News of a 90% success rate for the COVID-19 vaccine that is being developed by Pfizer (PFE) and Germany company BioNTech caused a dramatic rotation in the market yesterday.
The Russell 3000 Value Index, which has badly underperformed the S&P 500 and growth stocks this year, rose 4.3% yesterday. Banks stocks led the way higher, with many rising over 10% as the vaccine news raised hopes that the global economy will continue to recover next year, and that the threat of COVID-19 will diminish.
Meanwhile, the Russell 3000 Growth Index, which has benefited all year from very low interest rates that favor growth stocks and investors’ perceptions that technology companies would thrive in the COVID-19 environment, declined 1.68%. With the yield on 10-year Treasury notes now seemingly poised to rise above 1% for the first time since March, investors may now start to rethink some of the frankly absurd valuations that have been given to some growth names. Meanwhile, many value stocks are still selling at attractive multiples and dividend yields.

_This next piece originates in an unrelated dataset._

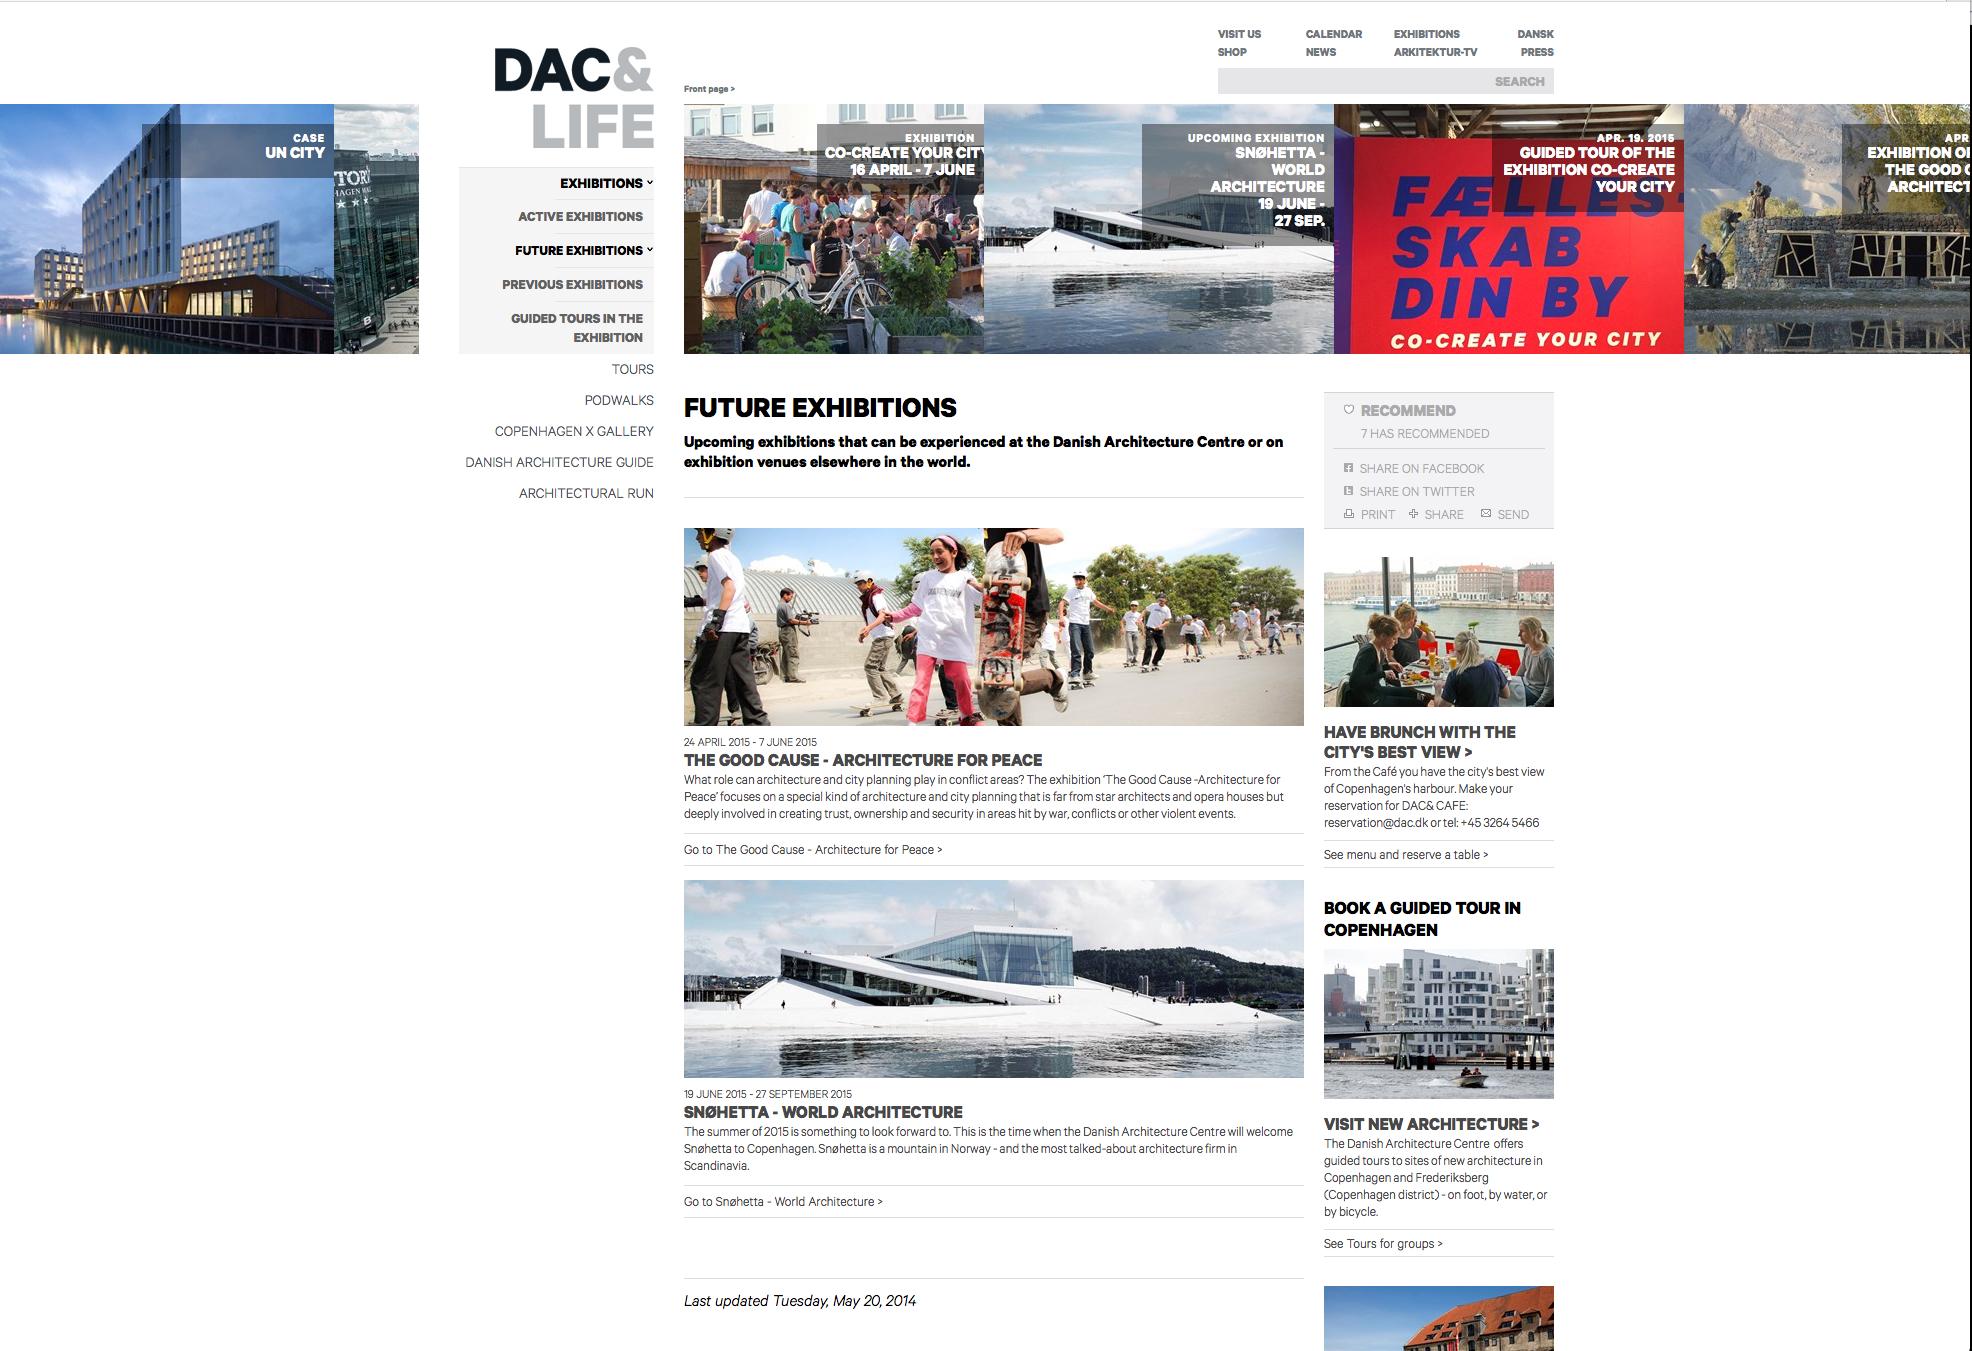 DAC site 2 copy.jpg

I believe that the rotation out of growth and into value can continue. The Russell 3000 Value Index is still 4.5% lower for the year, while the Russell 3000 Growth is up 28.1%. This level of outperformance by growth is not sustainable, and there are plenty of attractive areas that investors can turn to as they sell growth stocks. The economy still faces challenges, and COVID-19 is still an issue. However, I do think that value investors should have the wind at their backs through the end of the year — the opposite of what we have seen across the past 10 months of 2020.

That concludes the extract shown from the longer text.